:: Recorded data ::
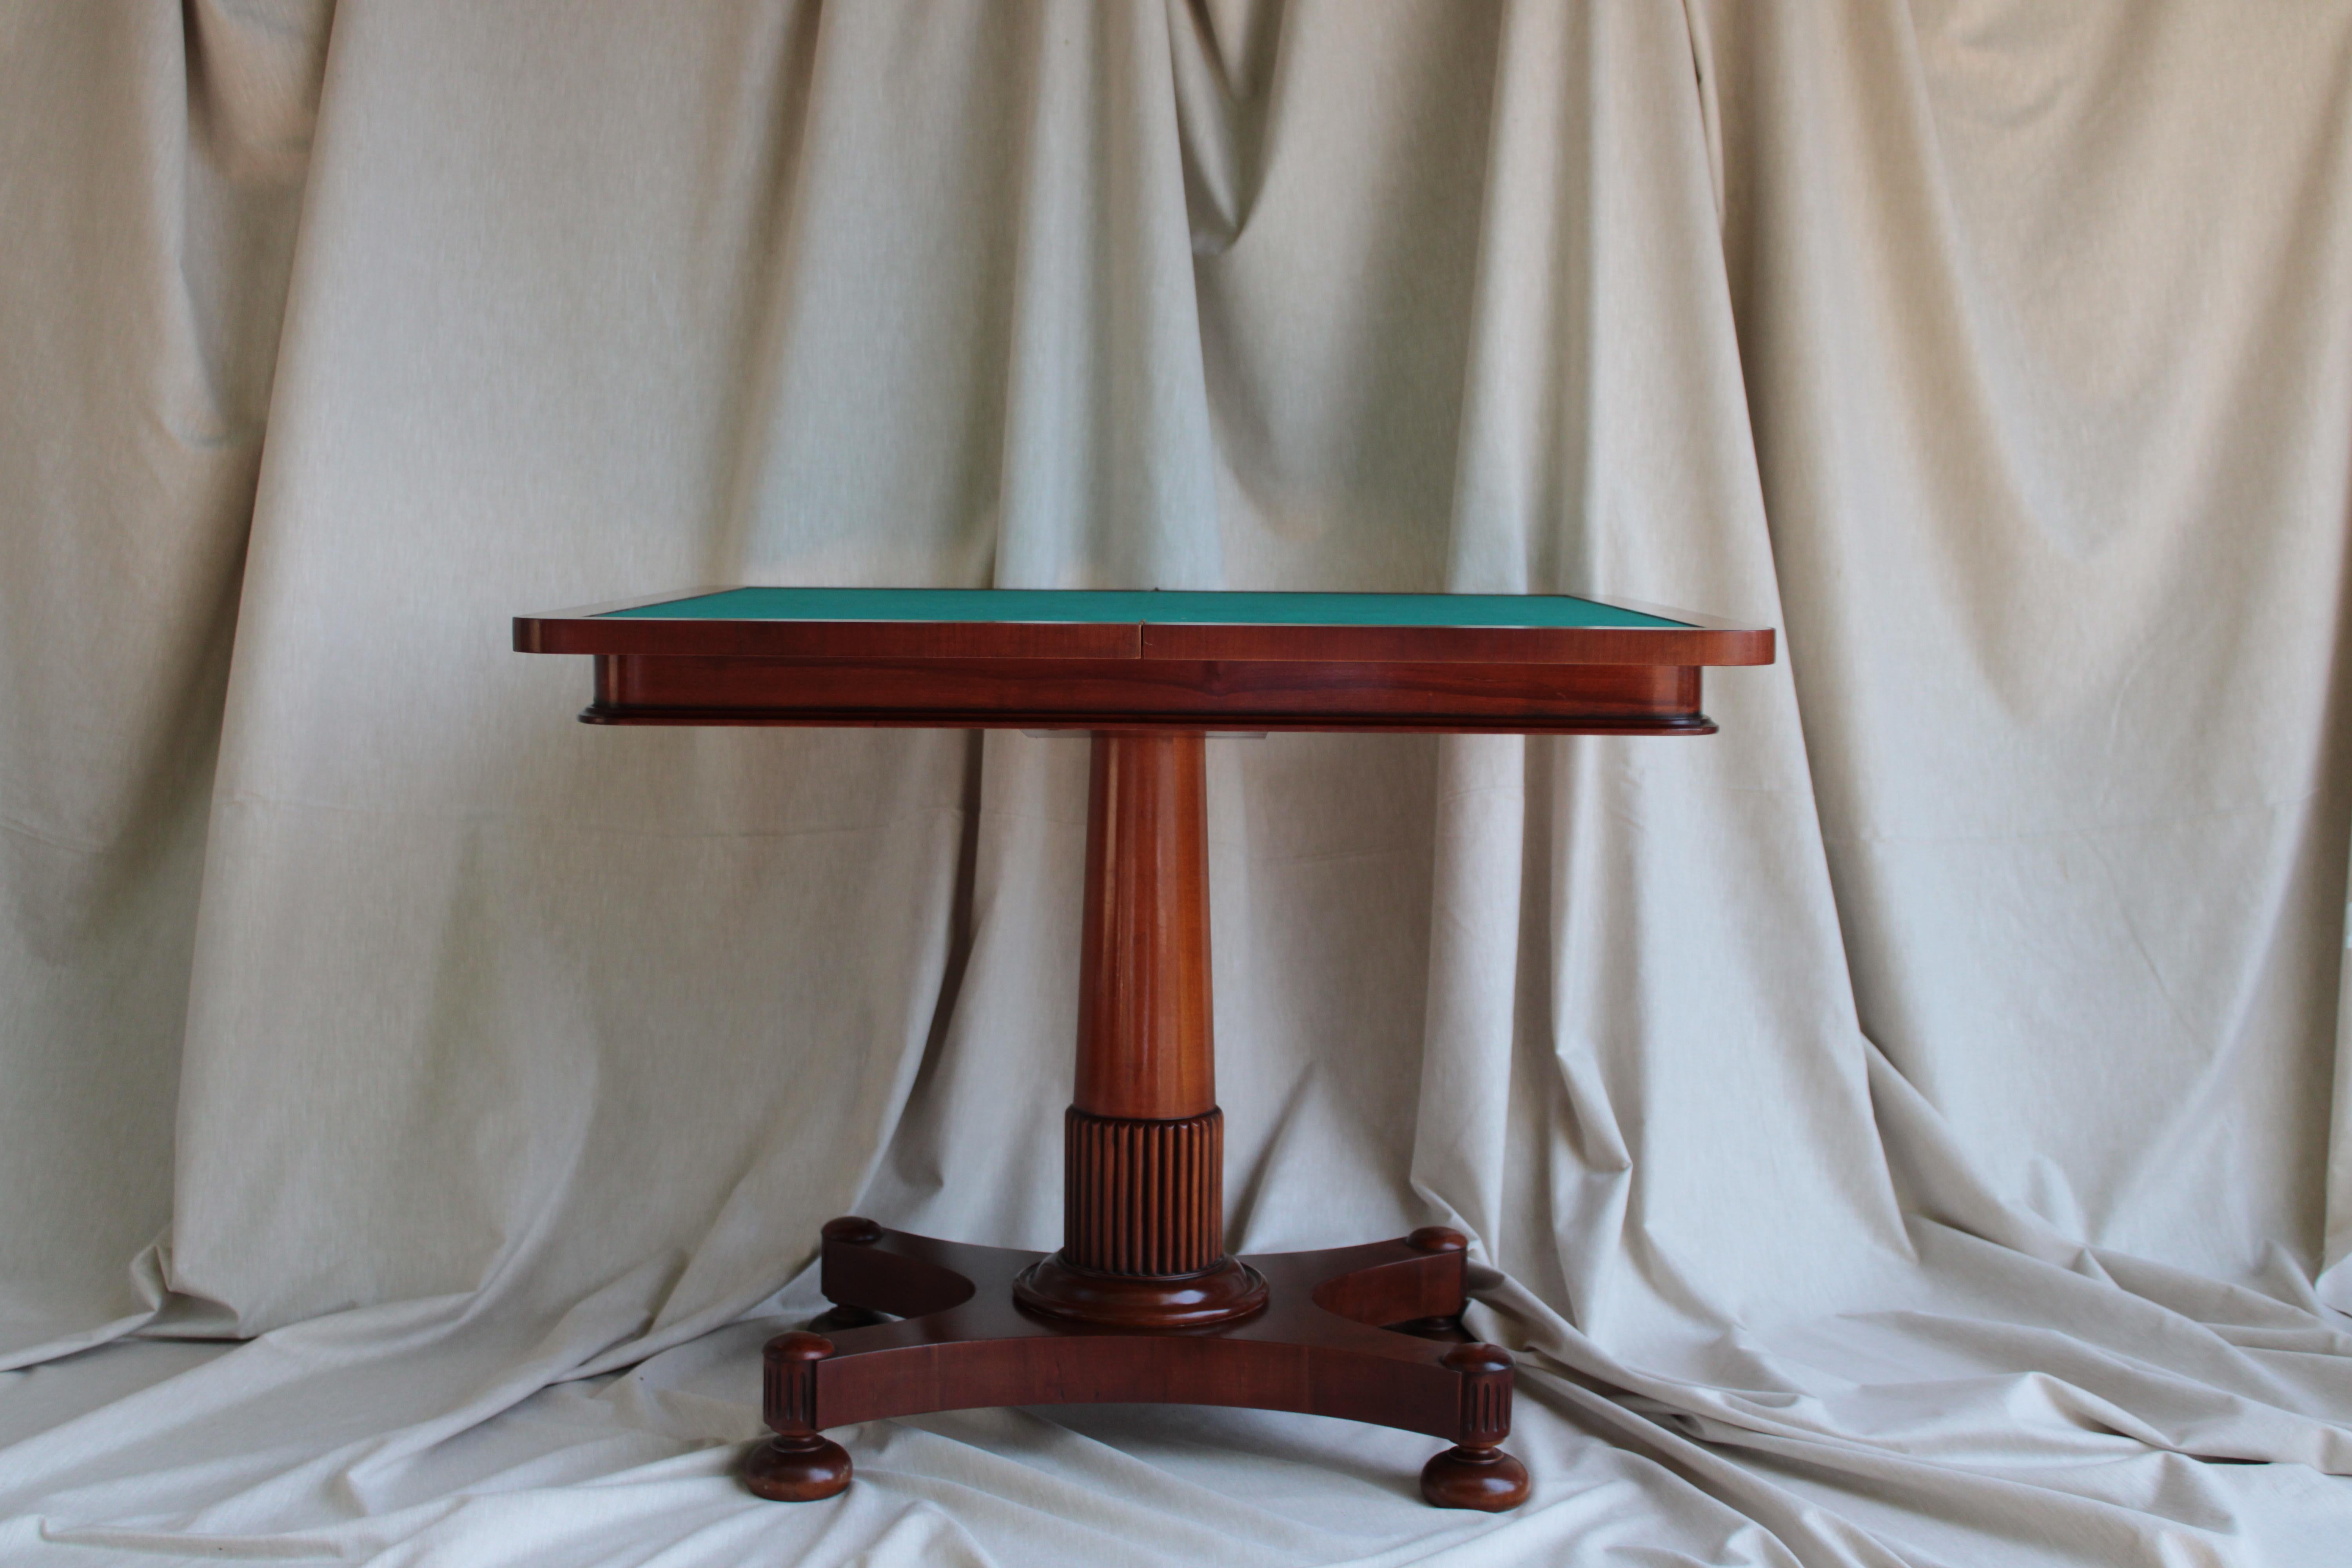 Mahogany game table from Portugal dated back to 1930s.

Portugal has a long history of fine craftsmanship, and during the 1930s, furniture styles in the country often incorporated elements of Art Deco and traditional Portuguese designs.
The use

:: Task to complete ::
Reproduce the material in full, word for word, and omit the pictures.

:: Answer to this task ::
 Mahogany game table from Portugal dated back to 1930s.

Portugal has a long history of fine craftsmanship, and during the 1930s, furniture styles in the country often incorporated elements of Art Deco and traditional Portuguese designs.
The use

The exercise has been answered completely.